The Sacred Hour

Uninterrupted Skin-to-Skin Contact Immediately After Birth

Raylene Phillips MD, IBCLC, FAAP


NAINR. 2013;13(2):67-72. 

In This Article

Early Postpartum Skin-to-Skin Contact is Endorsed By Many Organizations

The benefits of skin-to-skin contact immediately after birth for stable mothers and babies is so well documented, it is recommended by all major organizations responsible for the well-being of newly born infants, including The World Health Organization (WHO), the American Academy of Pediatrics (AAP), the Academy of Breastfeeding Medicine (ABM), and the Neonatal Resuscitation Program (NRP).

The WHO advises that, given the importance of thermoregulation, skin-to-skin contact should be promoted and "kangaroo care" encouraged in the first 24 hours after birth. The AAP recommends that healthy infants be placed and remain in direct skin-to-skin contact with their mothers immediately after delivery until the first feeding is accomplished.[29]

The ABM Protocol #5, Revision 2008 states, "The healthy newborn can be given directly to the mother for skin-to-skin contact until the first feeding is accomplished. The infant may be dried and assigned Apgar scores and the initial physical assessment performed as the infant is with the mother. Such contact provides the infant optimal physiologic stability, warmth, and opportunities for the first feeding. Delaying procedures such as weighing, measuring and administering vitamin K and eye prophylaxis (up to an hour) enhances early parent–infant interaction."[30] (p 2).

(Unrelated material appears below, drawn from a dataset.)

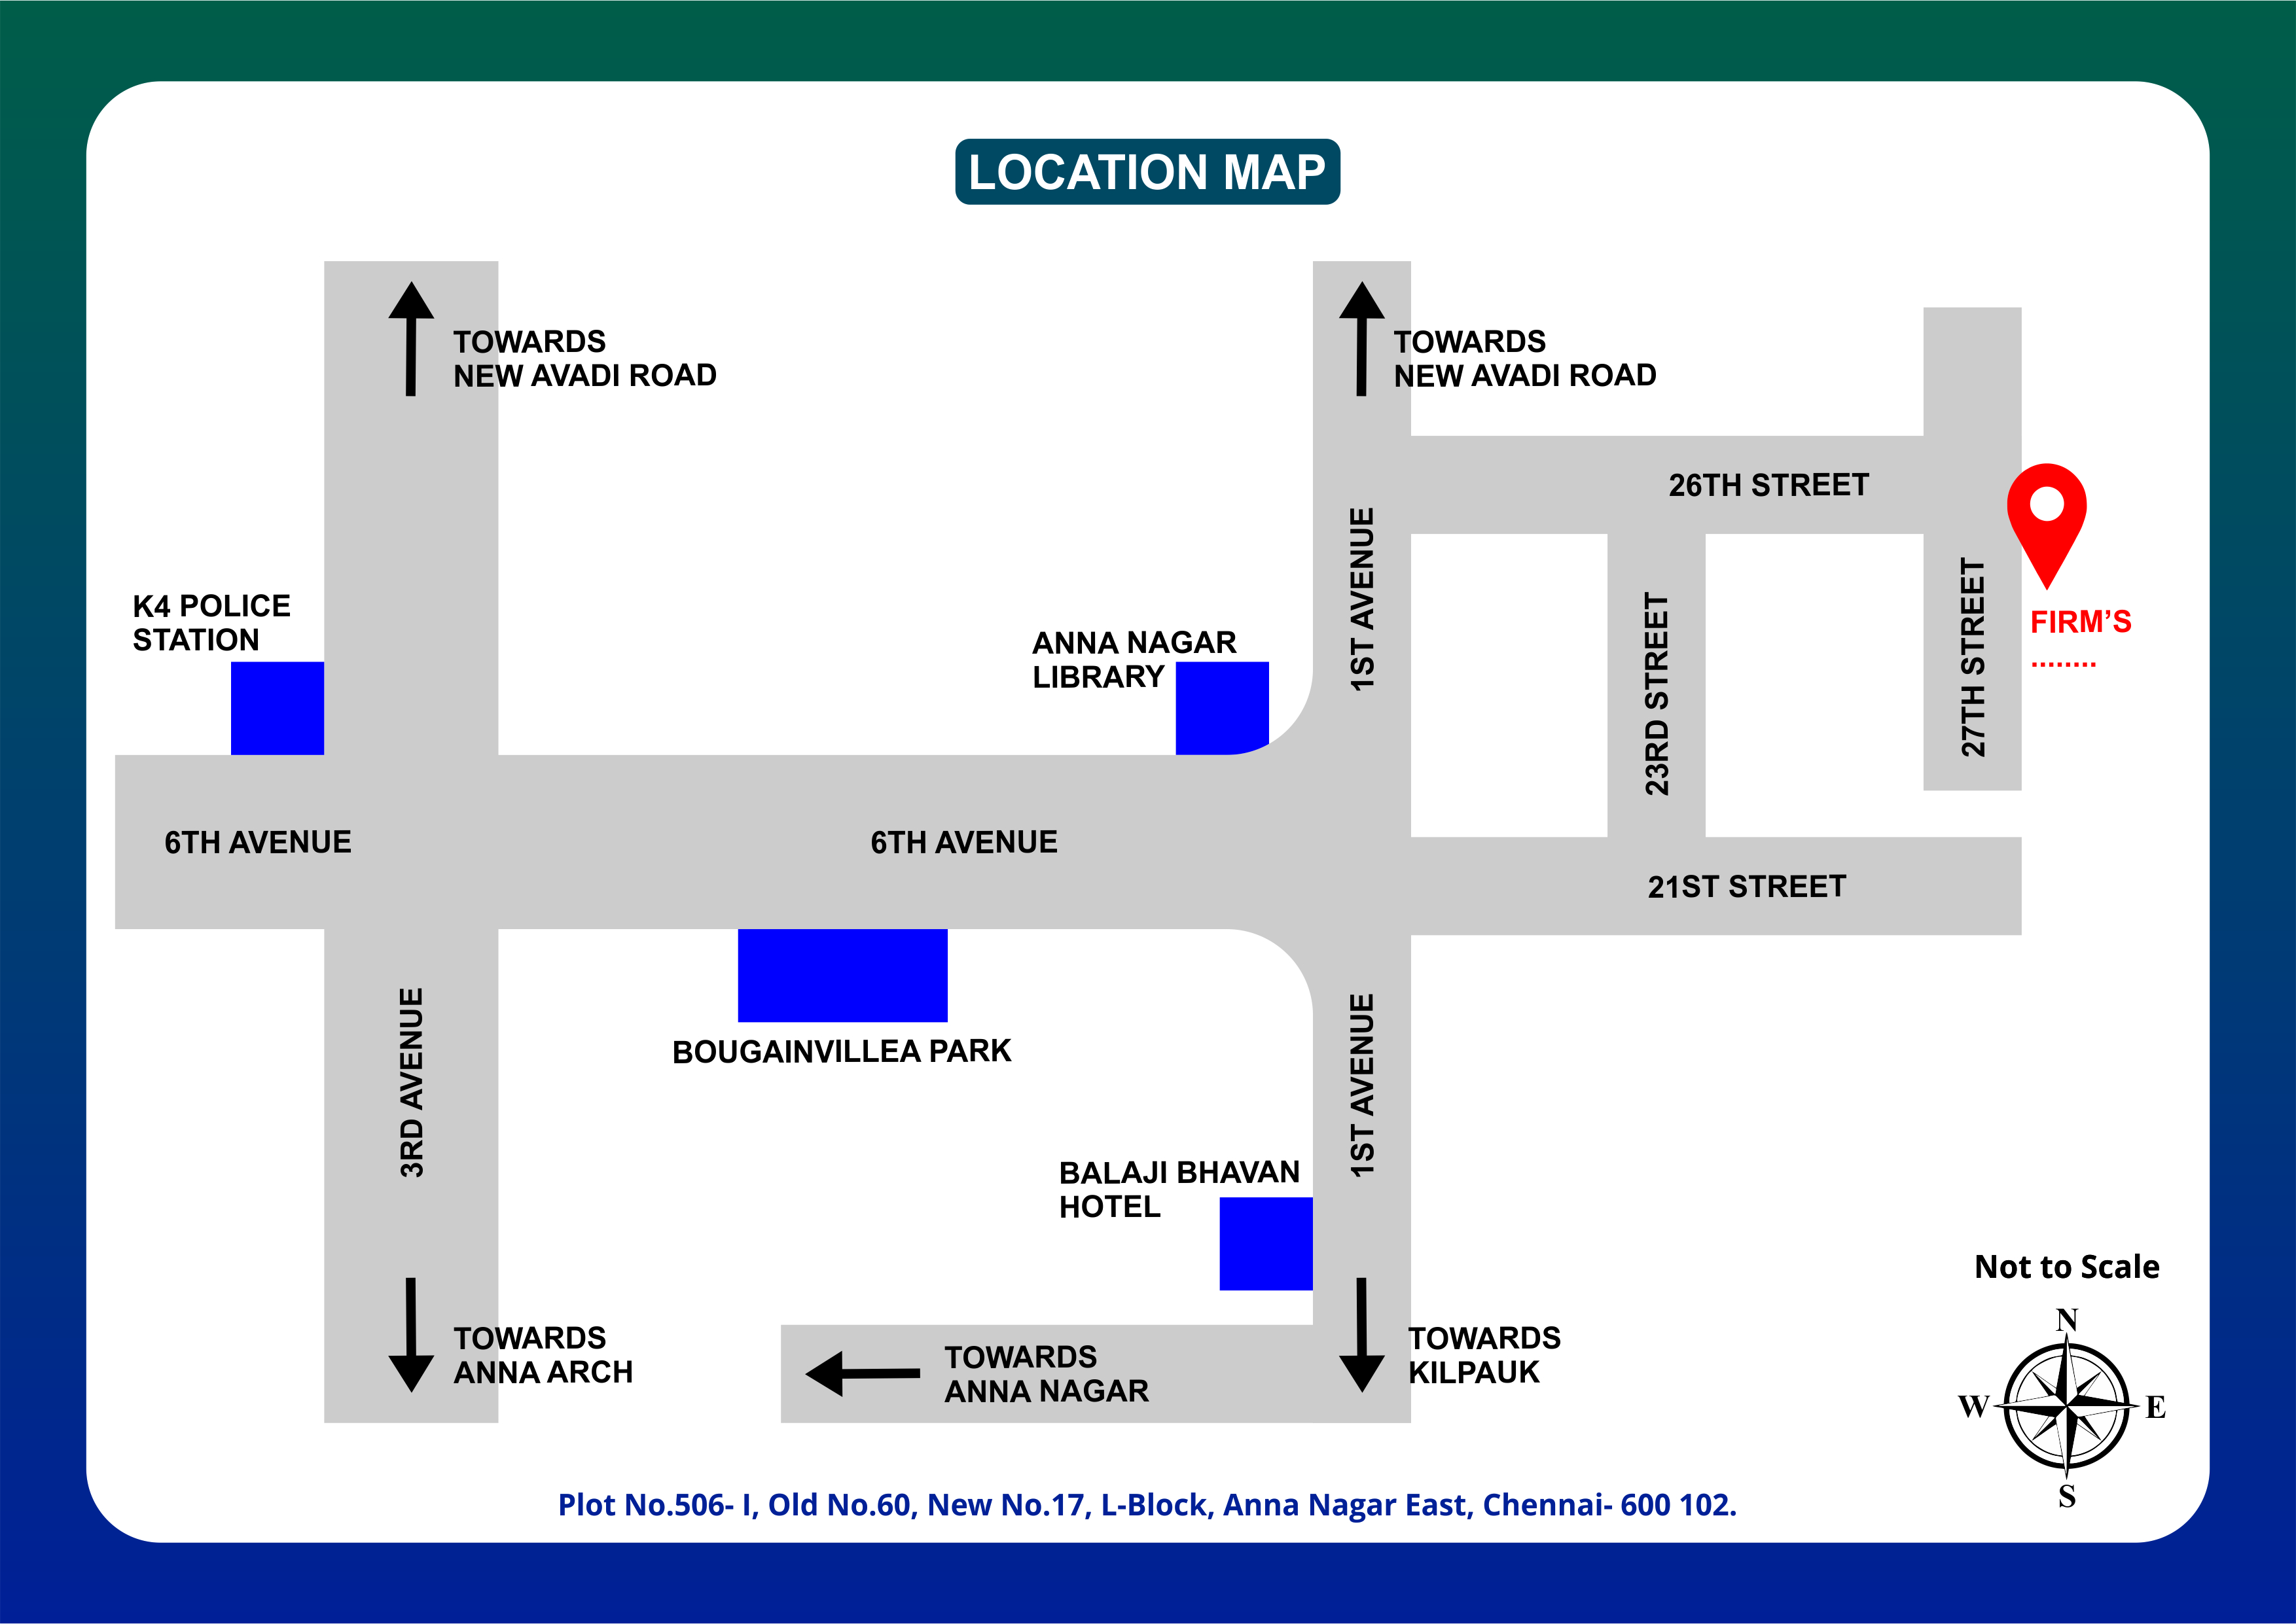 https://firmfoundations.in/projects/location/thumbnails/15699152988L_Block_Key_Plan.jpg

The NRP says that skin-to-skin care can be used to provide routine resuscitation for all normal newborns. The changes included in the updated 2011 NRP indicate that even the vigorous meconium-stained newborn need not receive initial steps at the radiant warmer, but may receive routine care (with appropriate monitoring) with the mother. It clarifies that routine care includes staying with the mother in skin-to-skin contact to ensure warmth. It also specifies that suctioning following birth (including bulb suctioning with a bulb syringe) should be reserved for babies who have obvious obstruction to spontaneous breathing or who require positive pressure ventilation.[28]